Use GNU libc regexec() to count substring

Question

Is it possible to count how many times a substring appears in a string using regex matching with GNU libc regexec()?

Answer 1

No, regexec() only finds one match per call. If you want to find the next match, you have to call it again further along the string.

If you only want to search for plain substrings, you are much better off using the standard C string.h function strstr(); then you won't have to worry about escaping special regex characters.

Answer 2

regexec returns in its fourth parameter "pmatch" a structure with all the matches. "pmatch" is a fixed sized structure, if there are more matches you will call the function another time.

I have found this code with two nested loops and I have modified it.
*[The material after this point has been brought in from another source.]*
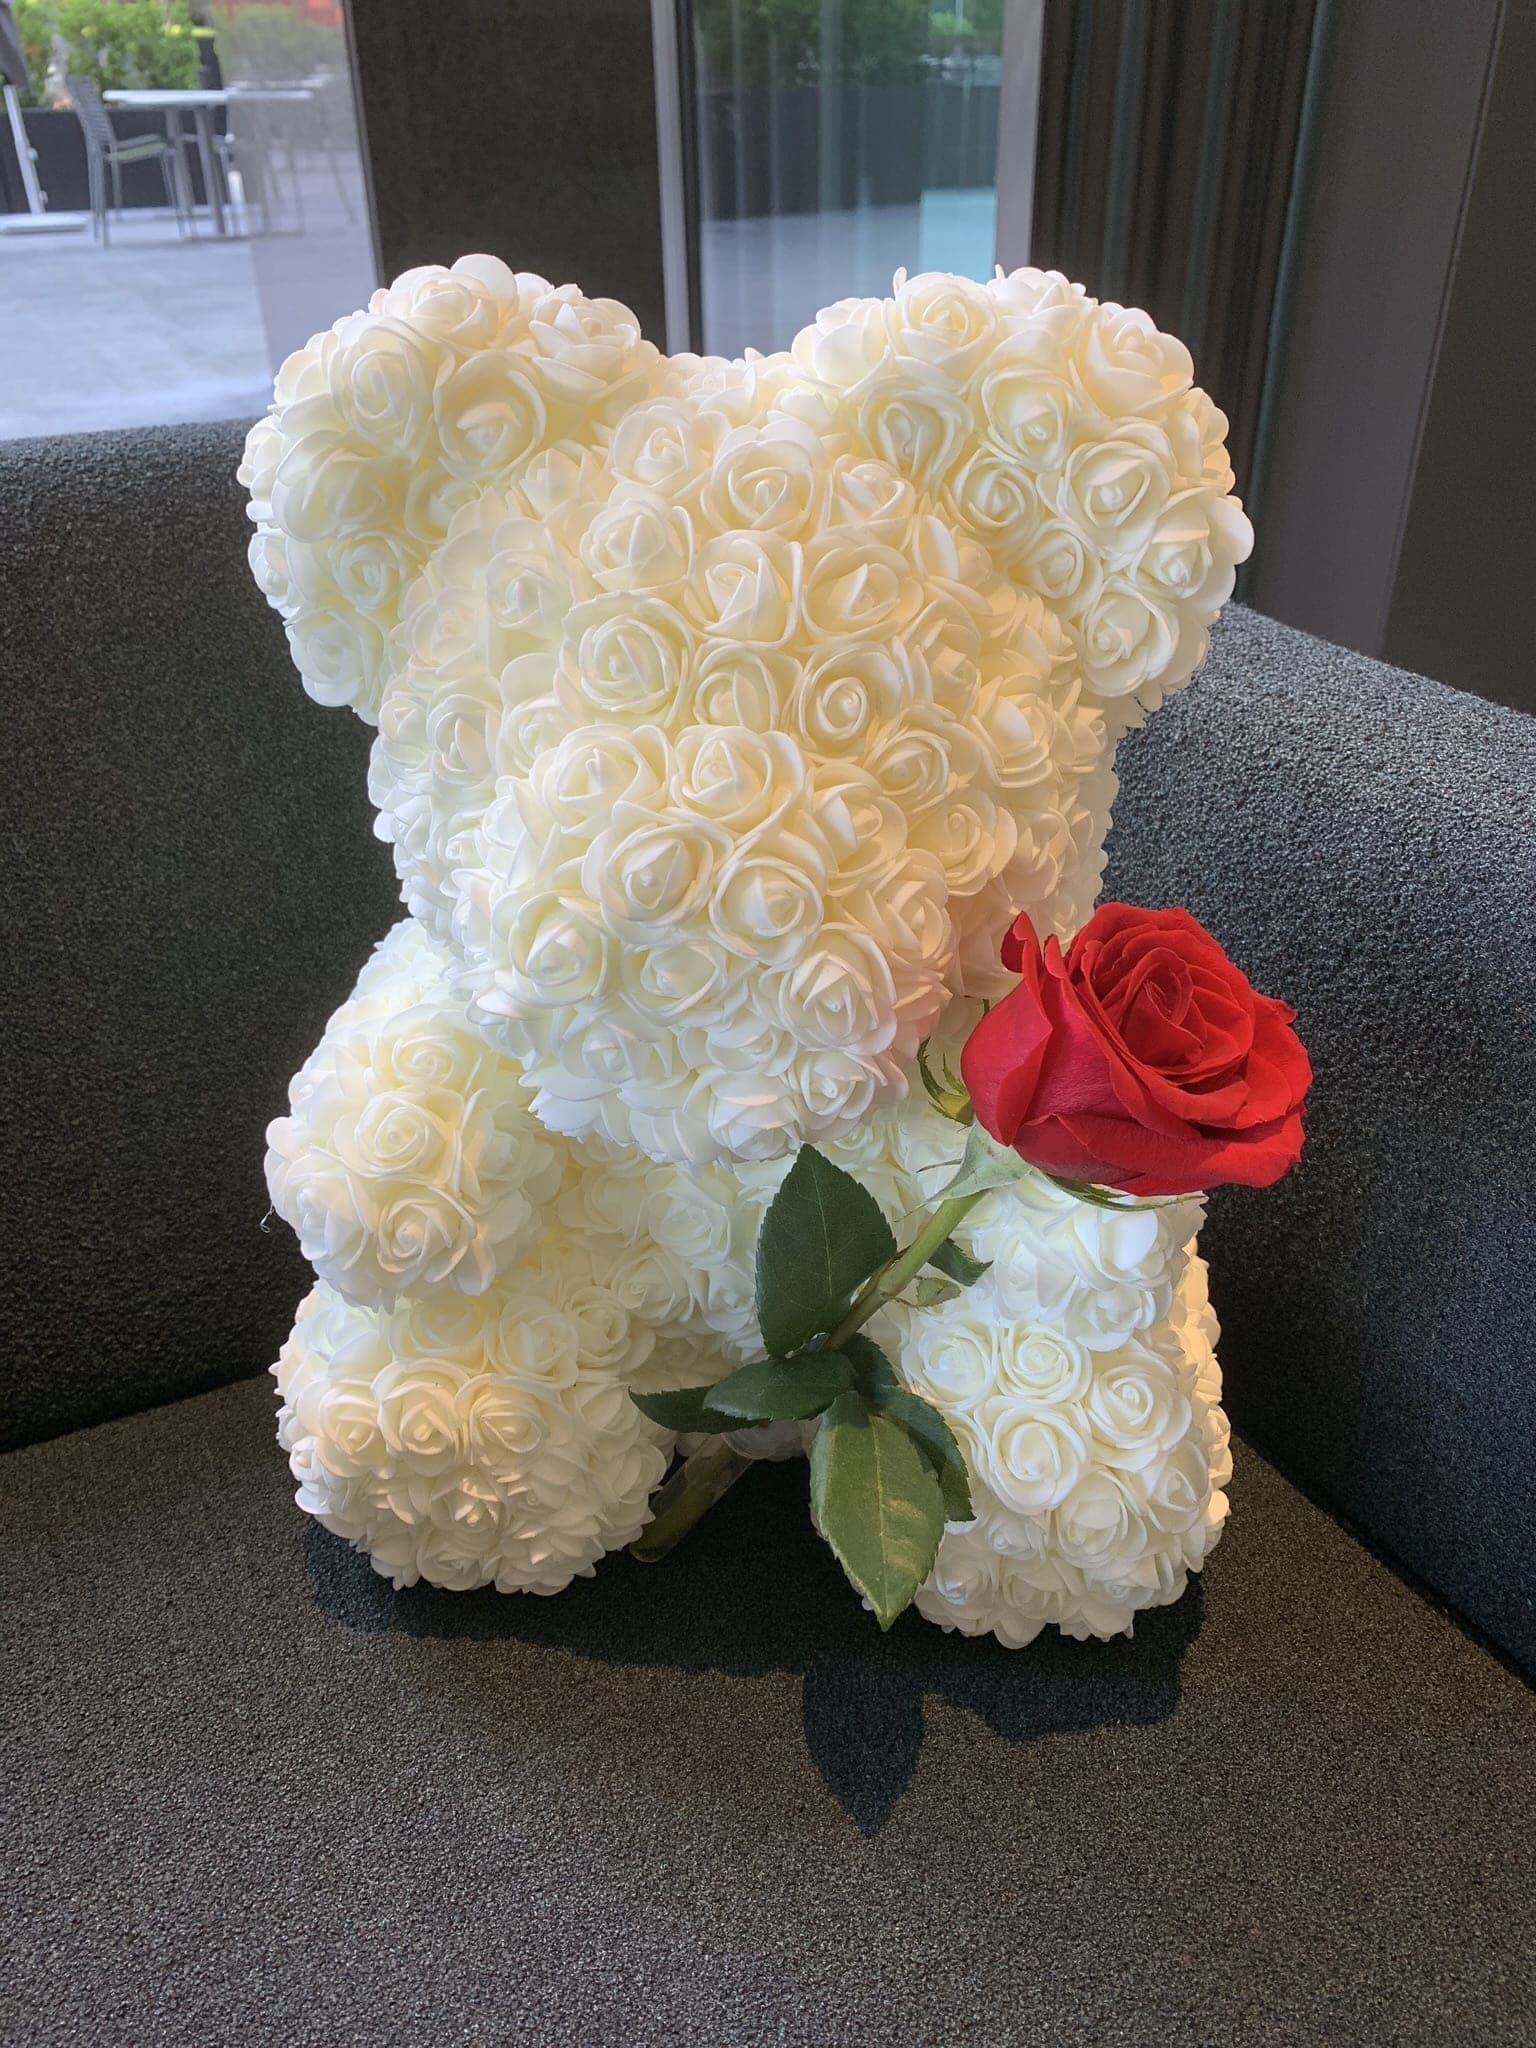 Forever Rose Teddy Bear in Los Angeles, CA | Downtown Flowers net

The original cod you cand find it in http://www.lemoda.net/c/unix-regex/index.html:

static int match_regex (regex_t * r, const char * to_match)
{
    /* "P" is a pointer into the string which points to the end of the
       previous match. */
    const char * p = to_match;
    /* "N_matches" is the maximum number of matches allowed. */
    const int n_matches = 10;
    /* "M" contains the matches found. */
    regmatch_t m[n_matches];
    int number_of_matches = 0;
    while (1) {
        int i = 0;
        int nomatch = regexec (r, p, n_matches, m, 0);
        if (nomatch) {
            printf ("No more matches.\n");
            return nomatch;
        }
        for (i = 0; i < n_matches; i++) {
            if (m[i].rm_so == -1) {
                break;

            }
            number_of_matches ++;
        }
        p += m[0].rm_eo;
    }
    return number_of_matches ;
}

Answer 3

sorry for creating another answer, because I have not 50 reputation. I cannot comment @Oscar Raig Colon's answer.
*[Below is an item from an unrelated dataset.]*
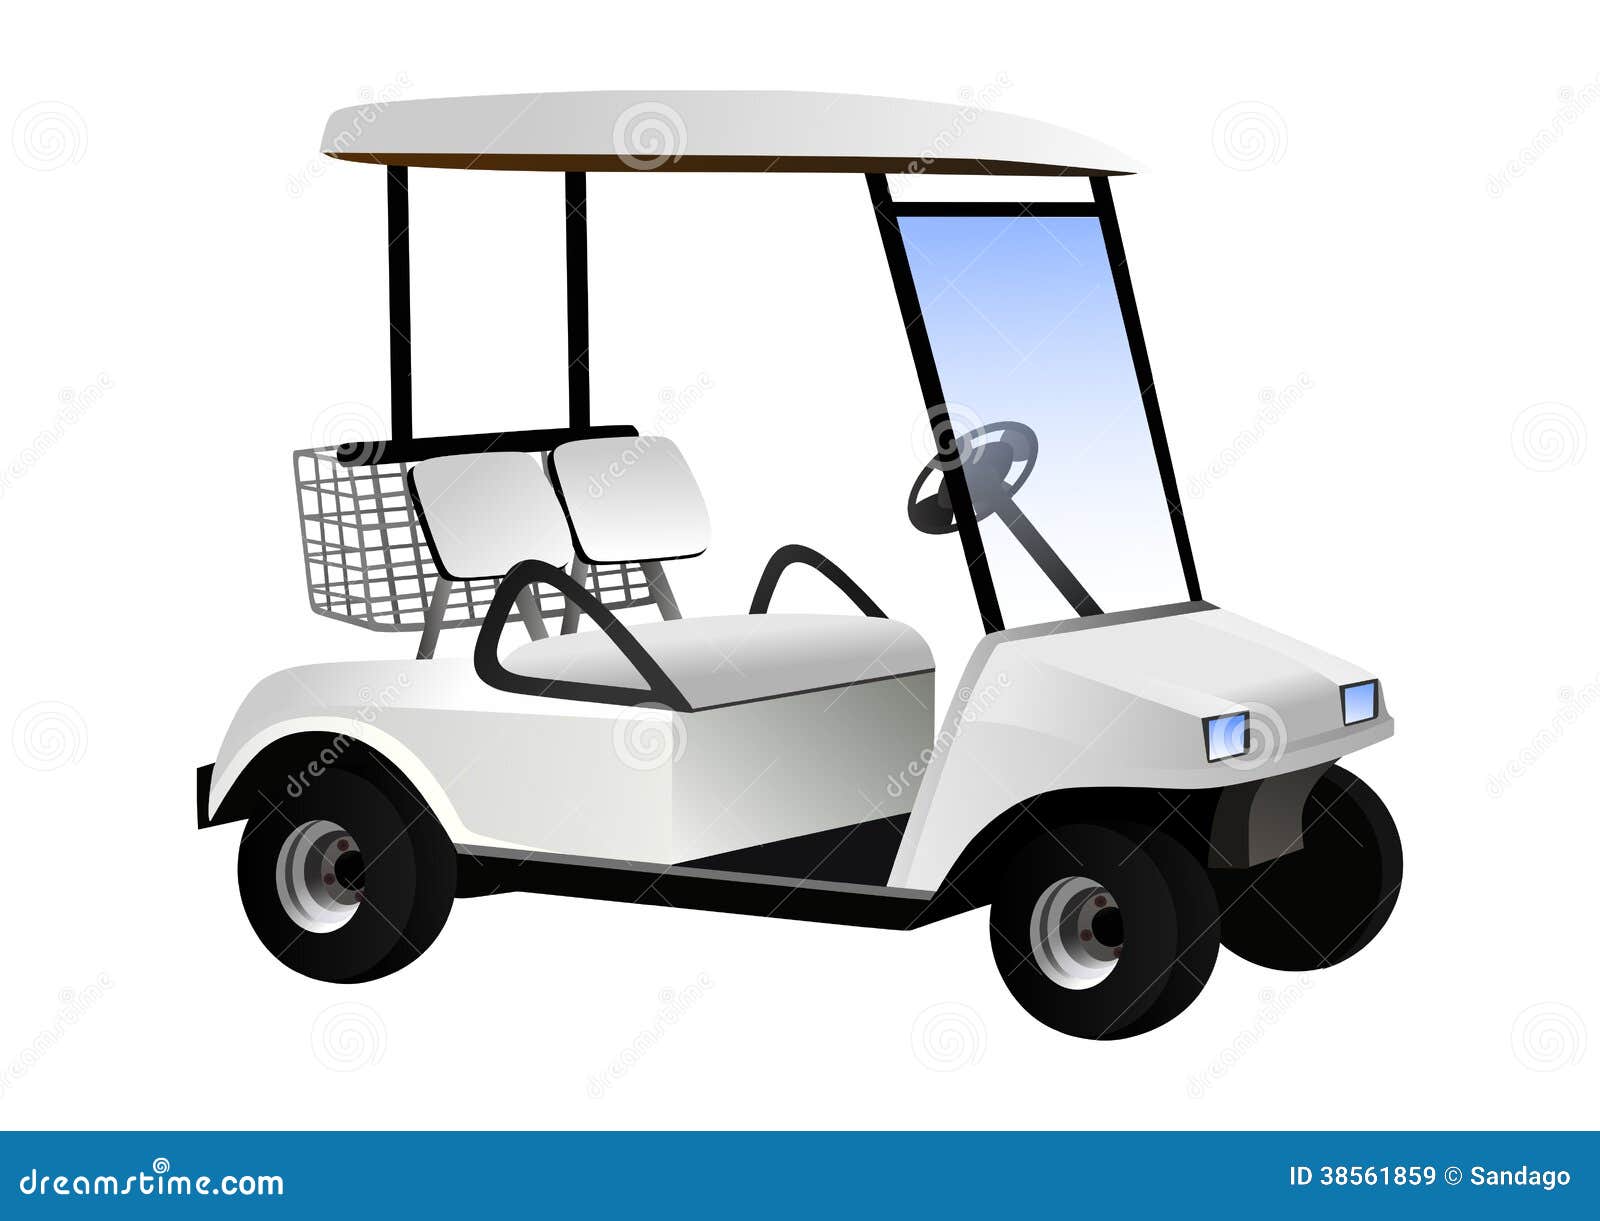 free clip art of golf cart - photo #22

pmatch cannot match all the substrings, pmatch is used to save the of offset for subexpression, the key is to understand what's subexpression, subexpression is "\(\)" in BRE, "()" in ERE. if there is not subexpression in entire regular expression, regexec() only return the first match string's offset and put it to pmatch[0].

you can find a example at [http://pubs.opengroup.org/onlinepubs/007908799/xsh/regcomp.html][1]

The following demonstrates how the REG_NOTBOL flag could be used with regexec() to find all substrings in a line that match a pattern supplied by a user. (For simplicity of the example, very little error checking is done.)

(void) regcomp (&re, pattern, 0);
/* this call to regexec() finds the first match on the line */
error = regexec (&re, &buffer[0], 1, &pm, 0);
while (error == 0) {    /* while matches found */
    /* substring found between pm.rm_so and pm.rm_eo */
    /* This call to regexec() finds the next match */
    error = regexec (&re, buffer + pm.rm_eo, 1, &pm, REG_NOTBOL);
}